[ML] Linear Regression With Multiple Variables

4 minute read

Linear Regression With Multiple Variables

Example of Training Set

Size ($ x_1 $)	Age (years) ($ x_2 $)	Number of Rooms ($ x_3 $)	Price ($ y $)
1706	2	8	163
1321	3	6	122
601	7	3	57
370	11	2	32
180	8	2	15

Hypothesis

$ h_\theta (x) = \theta _0 x _0 + \theta _1 x _1 + \theta _2 x _2 + \theta _3 x _3 \quad (x _0 = 1 ) $

$ h_\theta (x) = \theta ^T X $

Vectorization Process

\[\theta = \begin{bmatrix} \theta _0 \\\ \theta _1 \\\ \theta _2 \\\ \theta _3 \end{bmatrix} \qquad X = \begin{bmatrix} x _1 \\\ x _2 \\\ x _3 \end{bmatrix}\]

\[\theta ^T = \begin{bmatrix} \theta _0 & \theta _1 & \theta _2 & \theta _3 \end{bmatrix}\]

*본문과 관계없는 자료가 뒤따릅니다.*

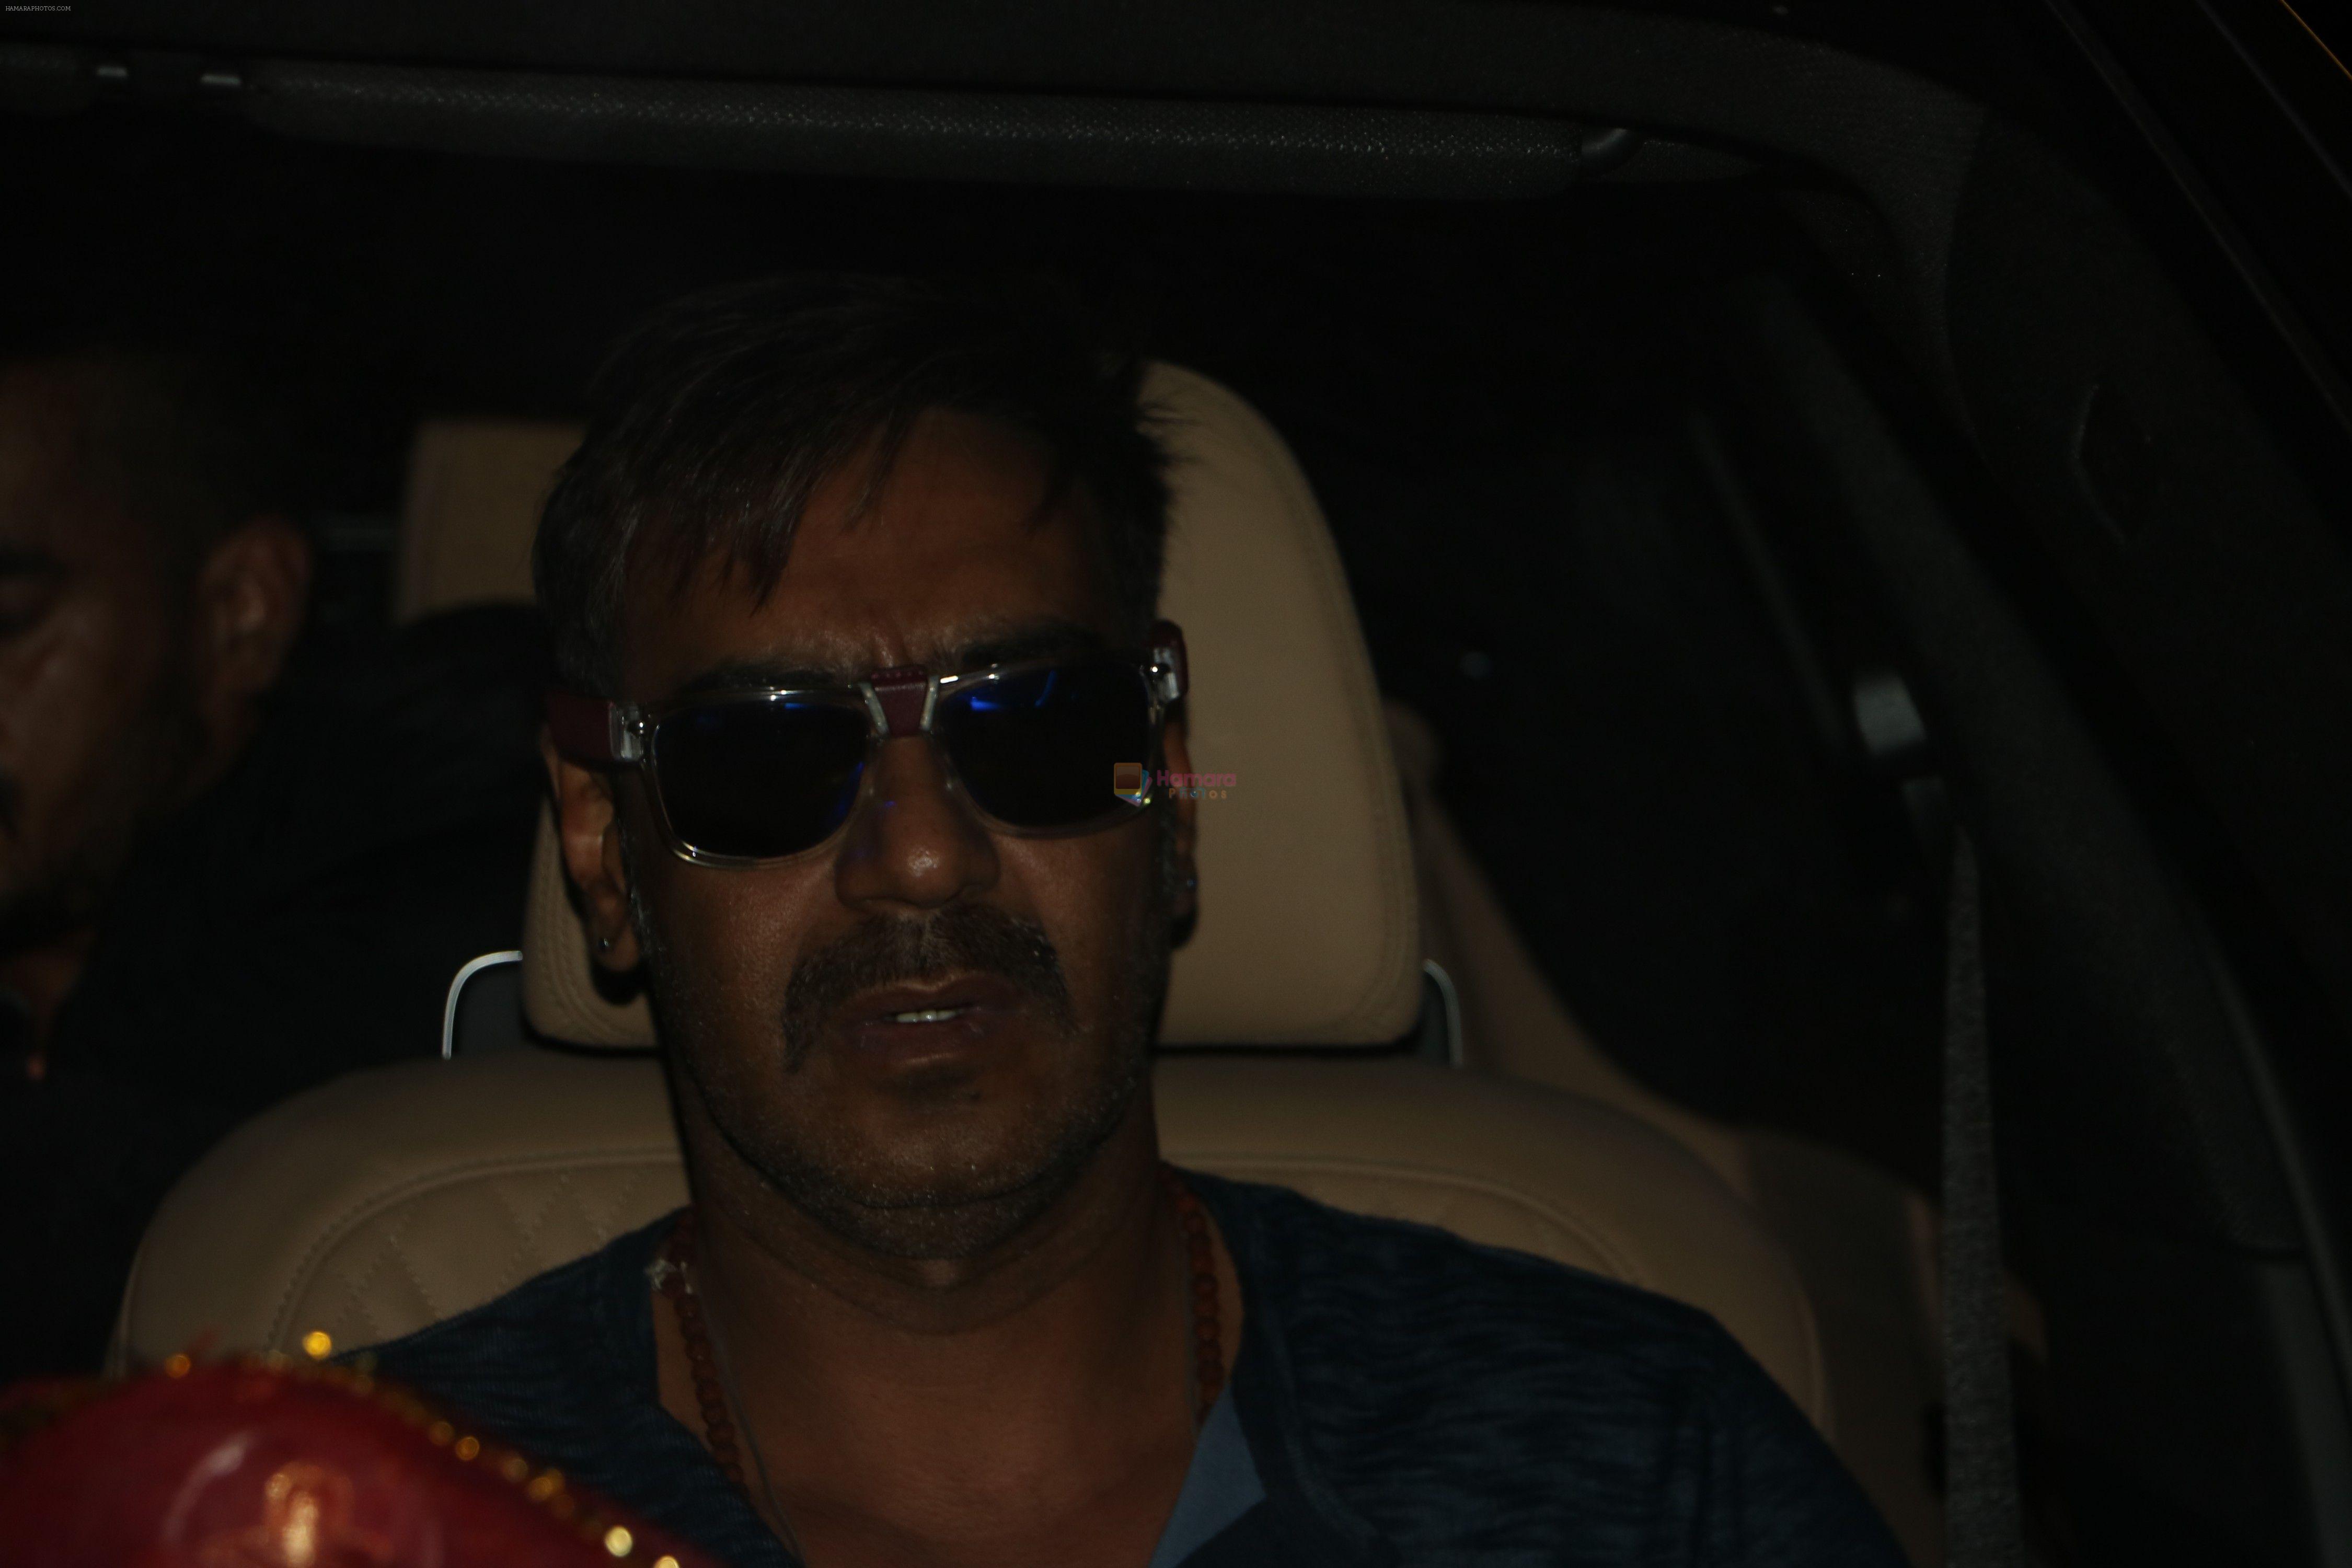 Ajay Devgan Spotted At Airport  on 3rd Oct 2017

현재 $ \theta $ 와 $ X $ 를 통해 $ h _\theta (x) $ 를 만들기는 불가능하다.
($ \theta _0 $ 의 존재때문에 내적이 불가능한 상황이다.)
따라서 $ X $ 의 첫번째 요소로 1 을 추가하여 $ \theta _0 $ 를 표현할 수 있도록 수정한다.

이에따라 $ X $ 의 갯수는 n 이 아닌 n + 1 개가 된다는 점을 유의한다.

\[X = \begin{bmatrix} 1 \\\ x _1 \\\ x _2 \\\ x _3 \end{bmatrix}\]

$ X $ 의 첫번째 요소인 1 은 편의상 $ x _0 $ 으로 표현한다.
따라서 아래와 같이 표현된다.

\[X = \begin{bmatrix} x _0 \\\ x _1 \\\ x _2 \\\ x _3 \end{bmatrix}\]

최종적으로 hypothesis 를 표한하면 다음과 같다.

\[h_\theta (x) = \begin{bmatrix} \theta _0 & \theta _1 & \theta _2 & \theta _3 \end{bmatrix} \begin{bmatrix} x _0 \\\ x _1 \\\ x _2 \\\ x _3 \end{bmatrix} = \theta _0 x _0 + \theta _1 x _1 + \theta _2 x _2 + \theta _3 x _3\]

\[h_\theta (x) = \theta ^T X\]

Summary

Hypothesis ($ x_0 = 1 $)	$ h_\theta (x) = \theta _0 x_0 + \theta _1 x_1 + . . . + \theta_n x_n $
Hypothesis ($ x_0 = 1 $)	$ h_\theta (x) = \theta ^T X $
Parameters	$ \theta _0 $, $ \theta _1 $, . . . , $ \theta _n $
Cost Function (MSE)	$ J(\theta) = \frac{1}{2m} \sum _{i=1}^{m} (h _\theta (x^{(i)}) - y^{(i)})^2 $
Goal	minimize $ J(\theta) $

Gradient Descent Algorithm

\[\theta _j := \theta _j - \alpha \frac{1}{m} \sum _{i=1}^{m} (h _\theta (x) ^{(i)} - y^{(i)}) x _j ^{(i)}\]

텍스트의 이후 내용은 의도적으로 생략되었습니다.